◆ **What the exercise asks**:
For the entries that follow, retype exactly the lines from the one containing "Many stores are" to the one containing "Young Monarch butterfly", inclusive, and only those. Images stay out of the copy.

◆ **Source material**:

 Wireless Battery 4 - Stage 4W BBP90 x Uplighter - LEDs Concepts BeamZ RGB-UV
--
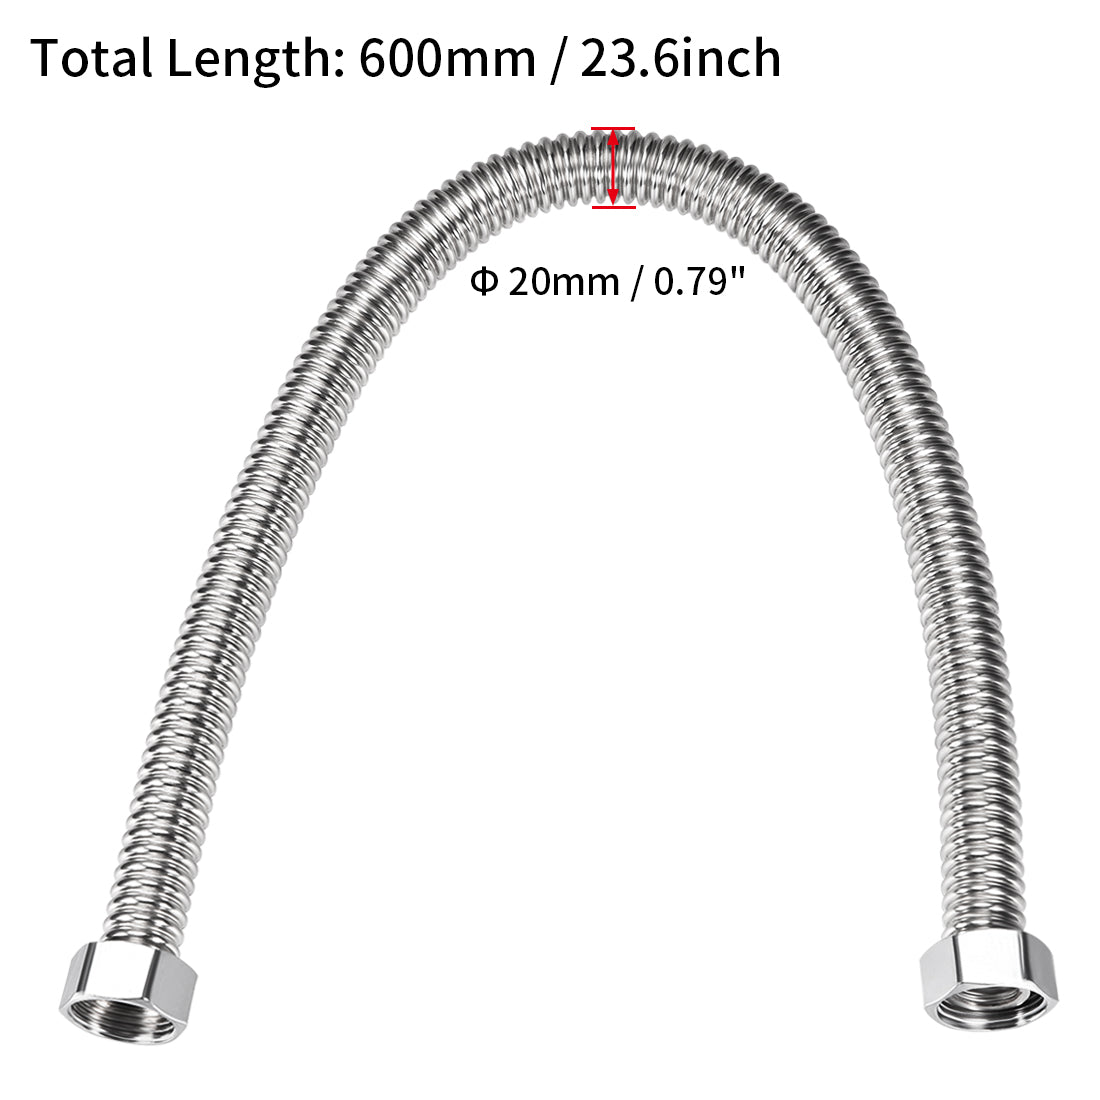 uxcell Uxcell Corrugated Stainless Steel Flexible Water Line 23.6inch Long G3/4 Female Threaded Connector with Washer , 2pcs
---
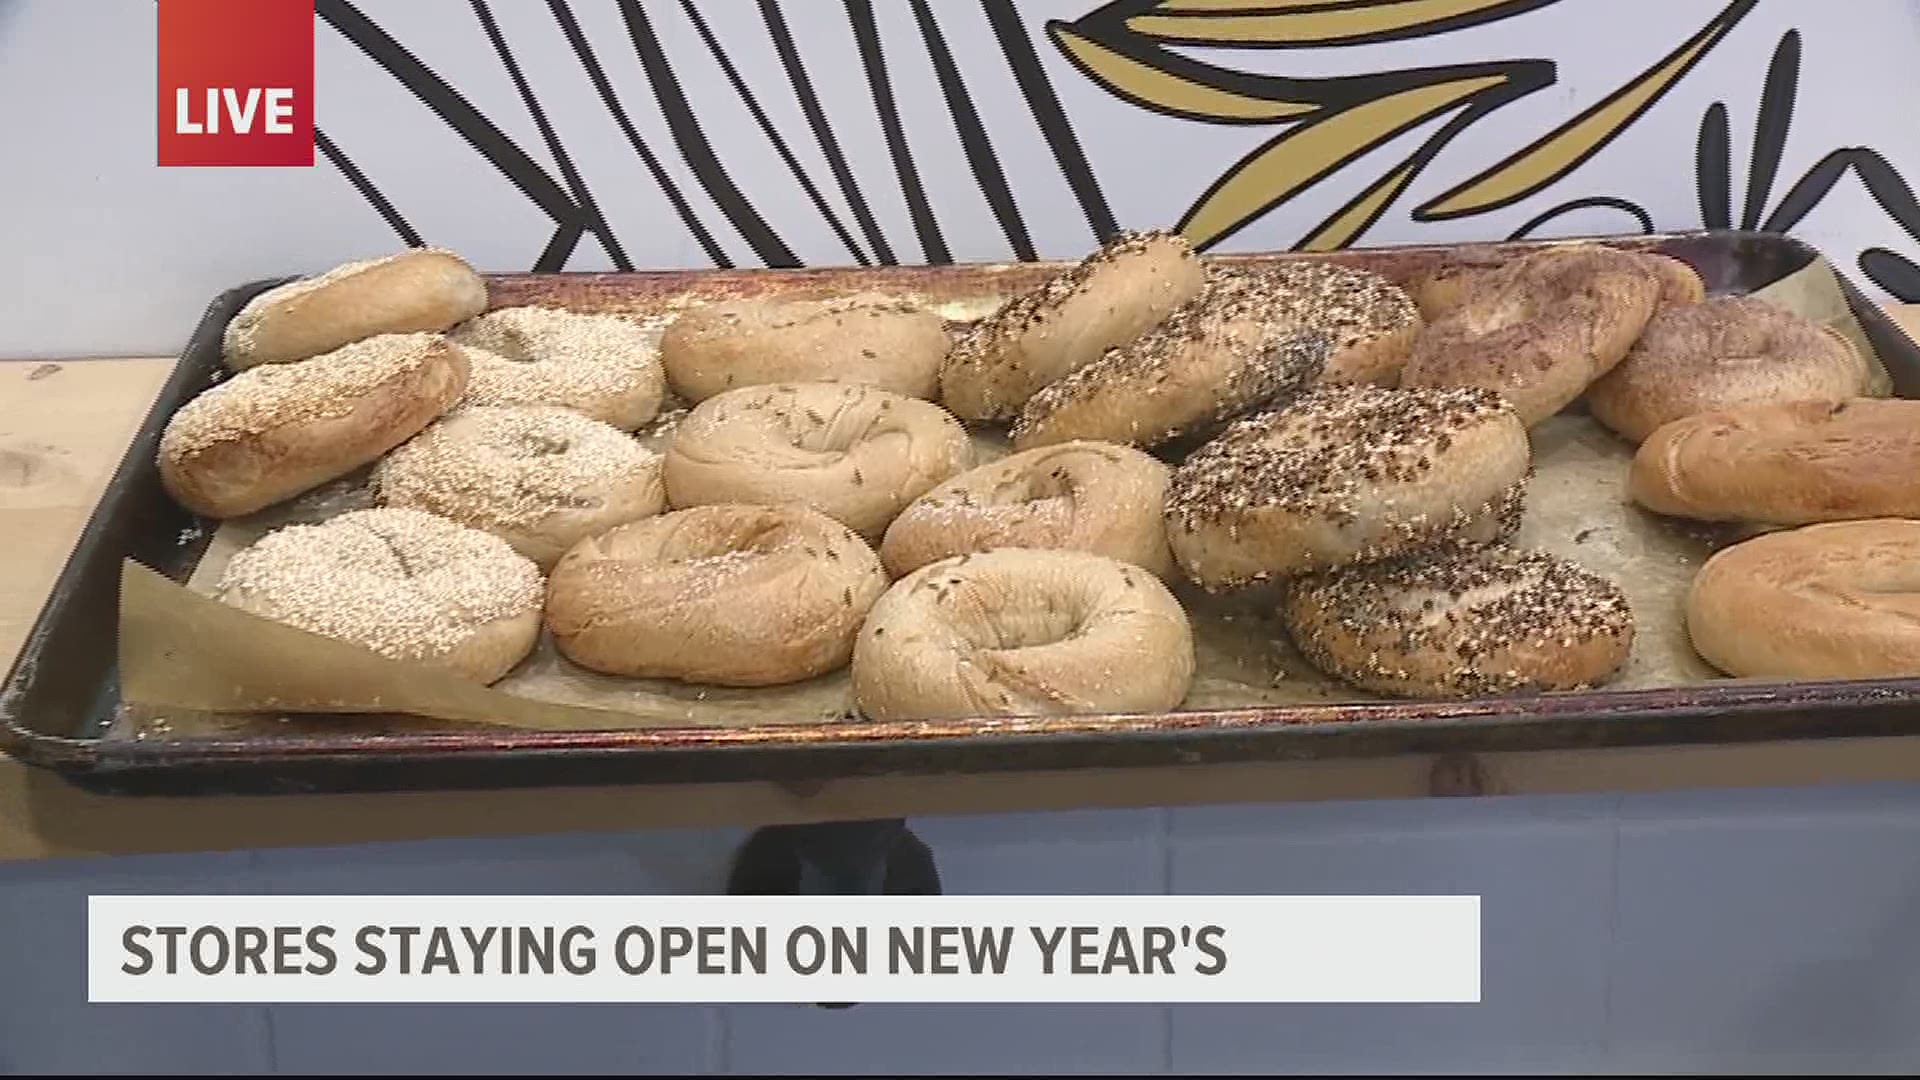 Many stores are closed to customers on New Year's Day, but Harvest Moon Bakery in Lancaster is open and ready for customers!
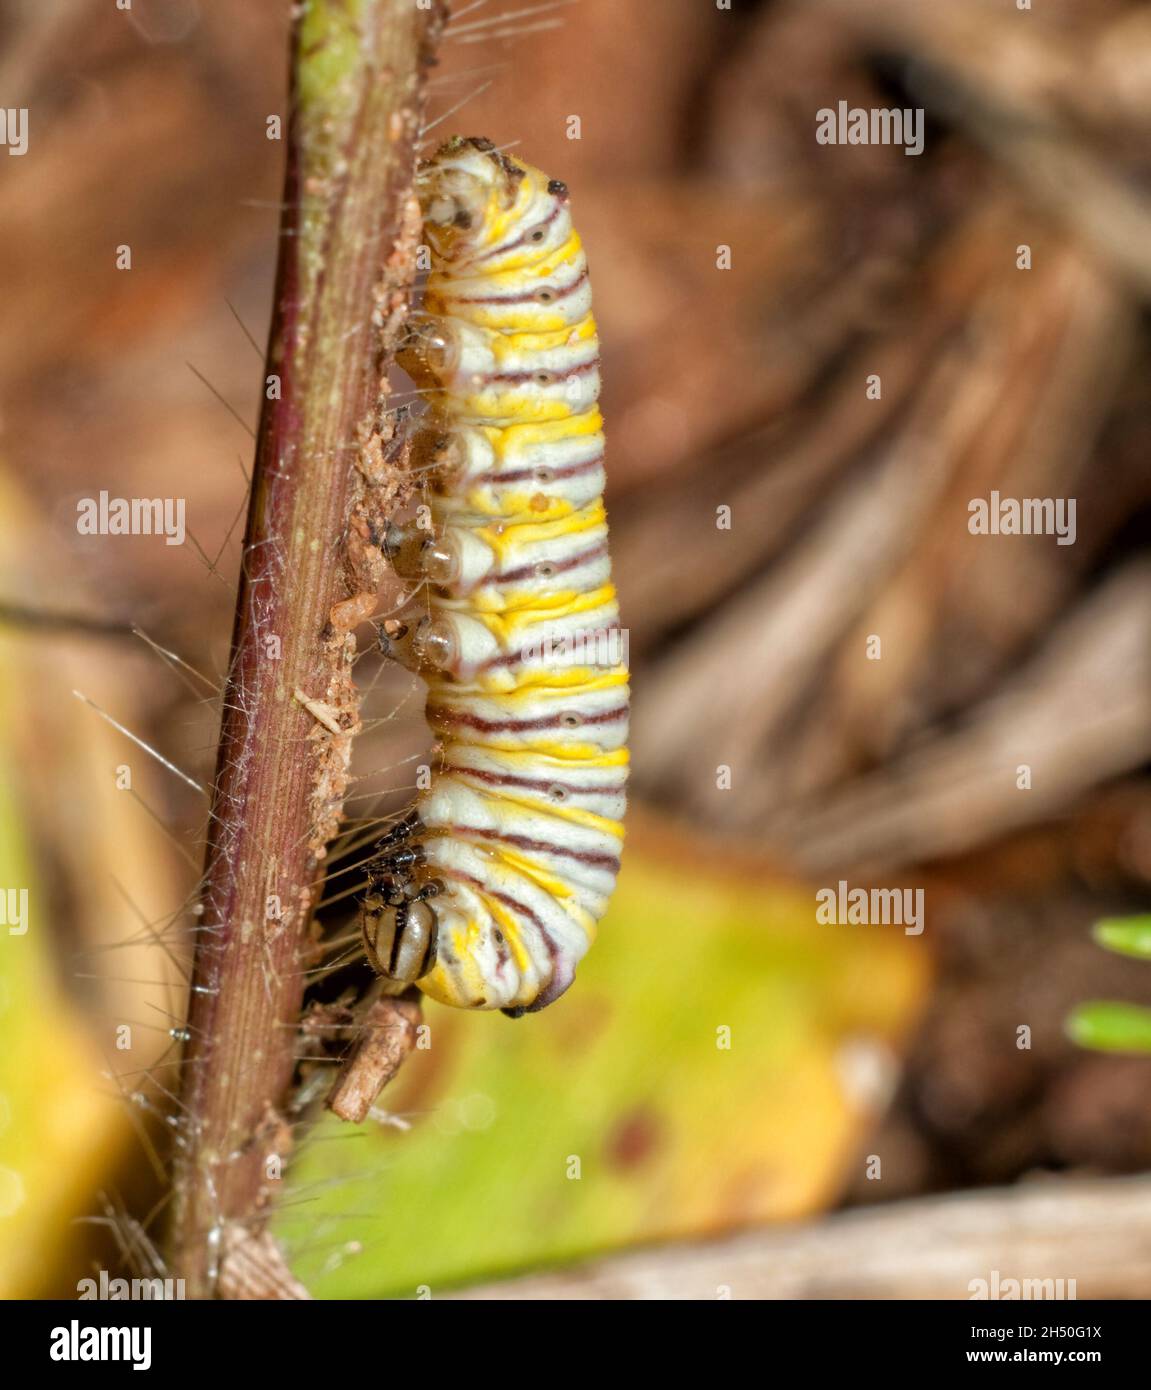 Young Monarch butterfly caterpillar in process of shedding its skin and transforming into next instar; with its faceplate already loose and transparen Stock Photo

◆ **Response for this exercise**:
 Many stores are closed to customers on New Year's Day, but Harvest Moon Bakery in Lancaster is open and ready for customers!
 Young Monarch butterfly caterpillar in process of shedding its skin and transforming into next instar; with its faceplate already loose and transparen Stock Photo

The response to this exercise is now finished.